Tossing Fear and Clutter to the Wayside: Feels Good
I’ve been pretty quiet lately simply because I’ve needed to figure out life. More specifically mine.
I’ve had a heckuva time staying on track with my own self-imposed rules on how I should live, feel better, be better, keep striving for more…I see what needs to be done. Set some new rules, get overwhelmed, paralyzed, and wonder what I was trying to accomplish in the first place. My little inner rebel emerges and I literally fight against myself.
Anyone else feel me on this?
What it all comes down to is fear. Fear of not doing it right, making mistakes, letting myself or others down. Crazy, right? It is impossible to go through life without letting someone down. I know because I went through the inventory of my life yesterday and lost count. And, while I may have (and still do) let people down, I also recognize where I’ve lifted someone up. I lost count on that too. It might be pretty equal.

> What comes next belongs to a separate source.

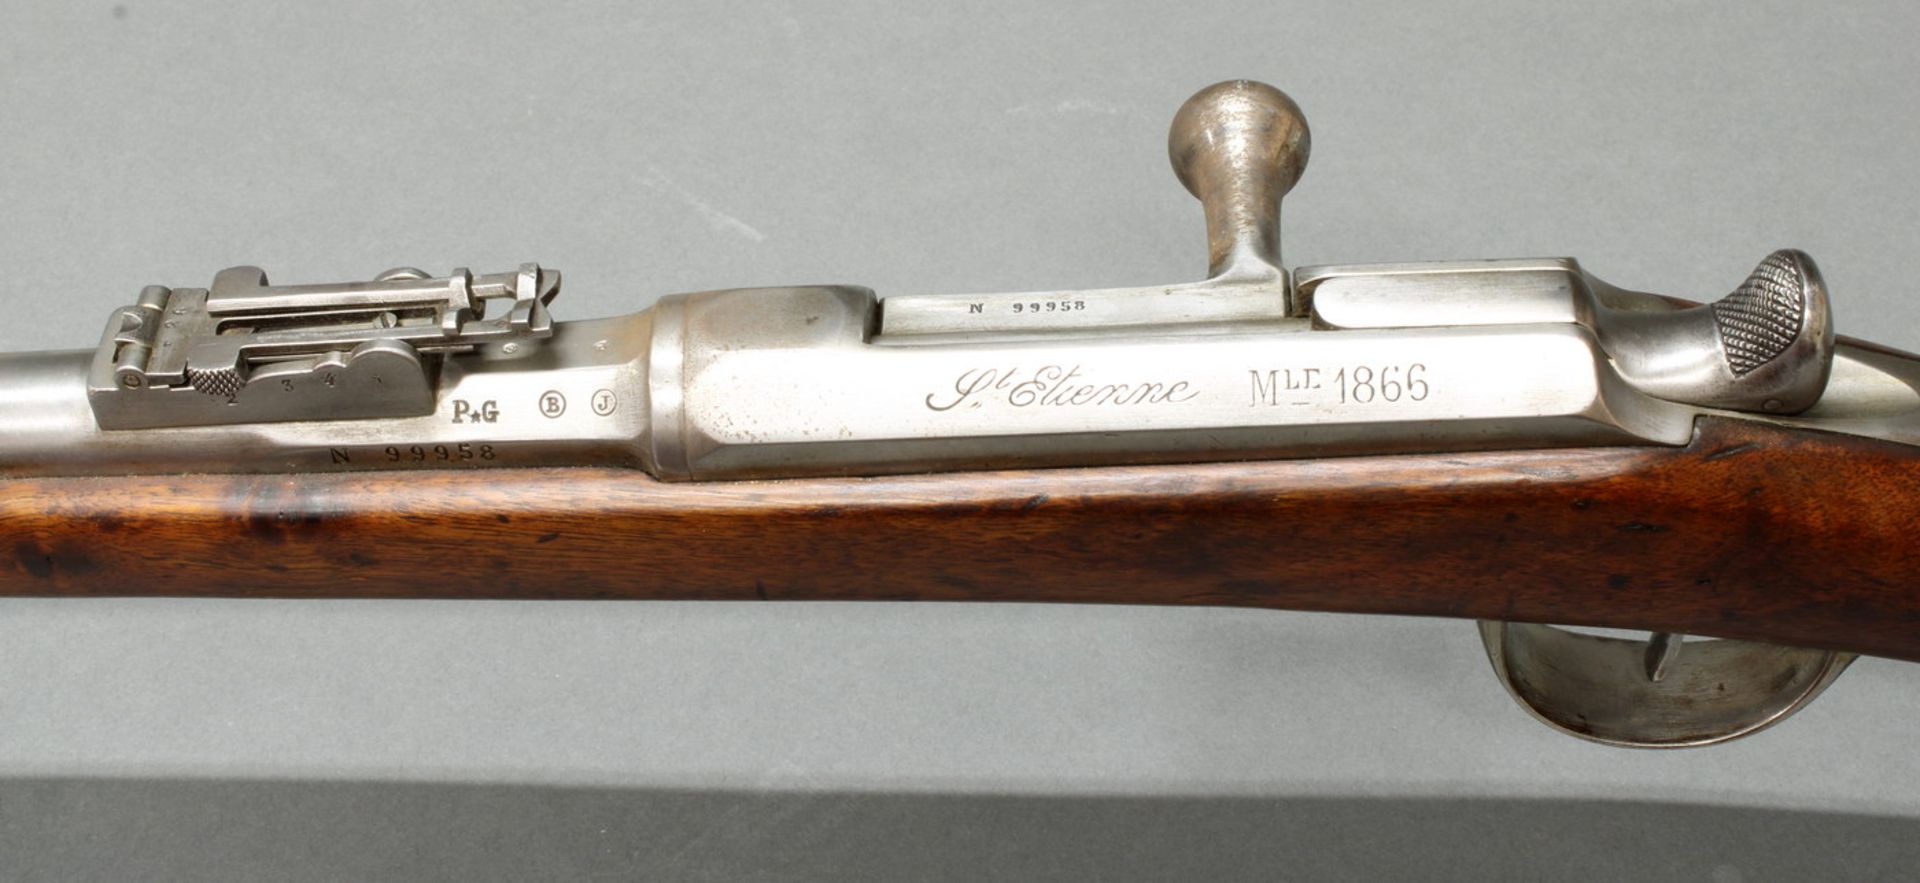 Chassepot-Gewehr, mit Jatagan-Bajonett in Metallscheide, Frankreich, St. Etienne, 1866, - Bild 6 aus 7

Before I dive into my aromatherapist coursework fully, I am needing to clear space. It needs a place to land. Old fears, old thoughts, past “failures”, and household clutter infestations, are still being tossed to the wayside. My priorities still remain house and health.
This is a pile of marketing business stuff I was once involved in, that I no longer do. The big welcome packets finally went to the trash, the jewelry I’ve been selling off/giving away, and the oil stuff I have packed and ready to give to my former upline for their sales use. When I keep digging, I am amazed at what I find that I have buried/held onto. I gain a better understanding of myself, what I was afraid of at the time, what I’m afraid of now, and what no longer serves me moving forward. In This Human Experience, the saga continues. Forward Ho!
Moving onto Sunday Funday! Feeling frisky, maybe I’ll dance later.
Why? Because as Tony! Toni! Toné! sings…it Feels Good, yeah. it feels goood. So does decluttering.